1 Introduction

Many neuroscientists and philosophers today think of dreamless sleep (see glossary) as a blackout state in which consciousness is entirely absent. Indeed, they often appeal to this apparent fact in order to define consciousness:

Everybody knows what consciousness is: it is what vanishes every night when we fall into a dreamless sleep and reappears when we wake up or when we dream. (Tononi 2008, p. 216)

Consciousness consists of inner, qualitative, subjective states and processes of sentience and awareness. Consciousness, so defined, begins when we wake in the morning from a dreamless sleep and continues until we fall asleep again, die, go into a coma, or otherwise become “unconscious”. (Searle 2000, p. 559)

I will call the view that consciousness vanishes or ceases in dreamless sleep the default view of the relationship between consciousness and dreamless sleep. One aim of this paper is to argue that the default view is not as obvious or strong as it is often thought to be. Another aim is to propose that we need a finer taxonomy of sleep states than that which sleep science currently employs, in order to allow for the possibility of states or phases of dreamless sleep in which consciousness is present. There are forceful reasons, if not decisive ones, for describing certain kinds of dreamless sleep as modes of consciousness rather than as the absence of consciousness. These reasons derive from the debate about dreamless sleep between the Advaita Vedānta and Nyāya schools of Indian philosophy (see glossary).
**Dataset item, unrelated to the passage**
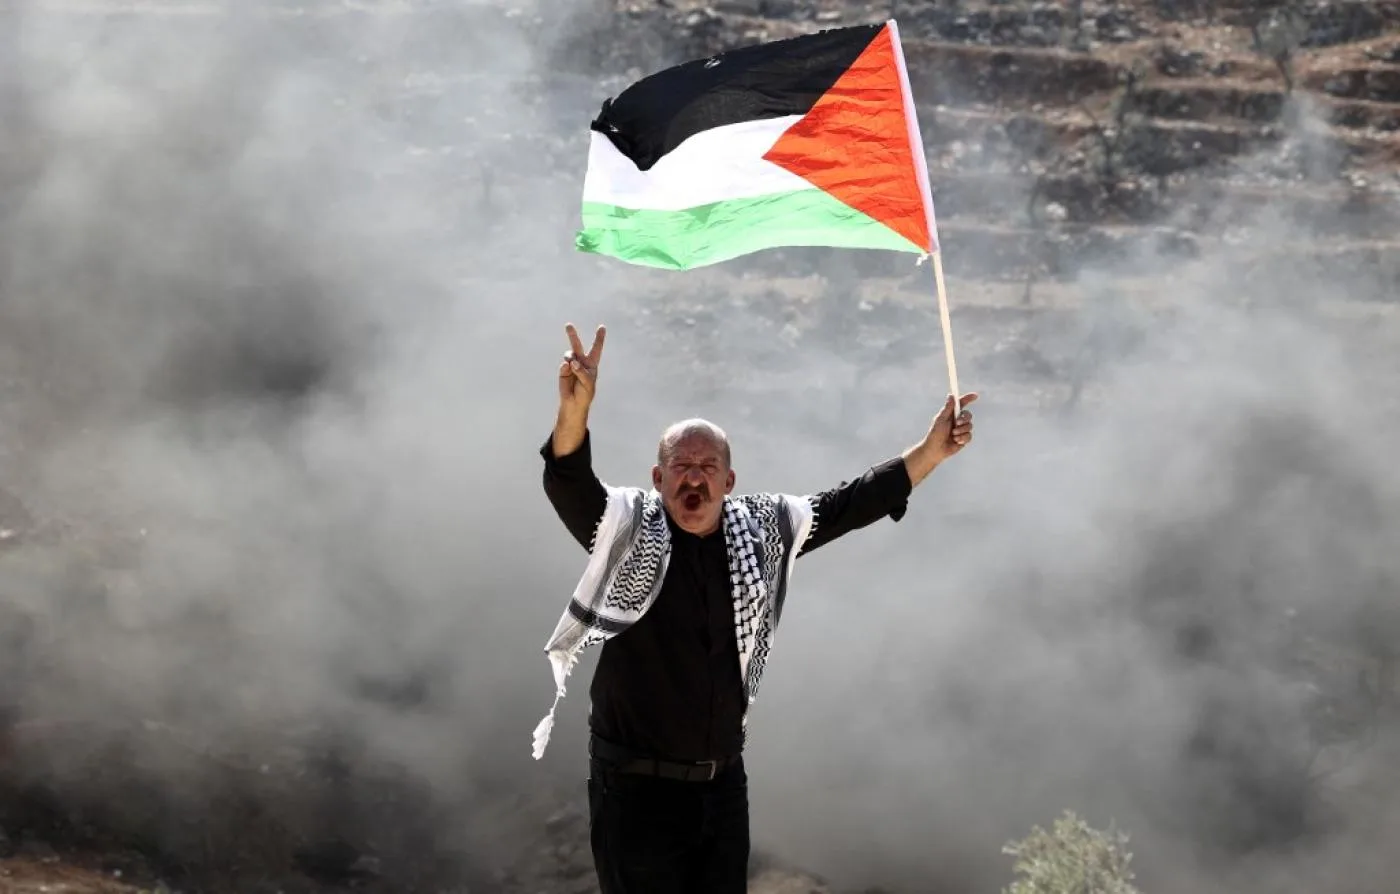 فلسطينيون يتظاهرون في الضفة الغربية المحتلة يوم 15 أكتوبر /تشرين الأول 2021

Examining this debate in the light of cognitive science raises important conceptual and methodological issues for the cognitive neuroscience of consciousness. Furthermore, considerations about sleep drawn from Indian philosophy suggest new experimental questions and protocols for the cognitive neuroscience of sleep and consciousness. By weaving together these different traditions—Western cognitive science and Indian philosophy—I hope to show the value of cross-cultural philosophy of mind for cognitive science.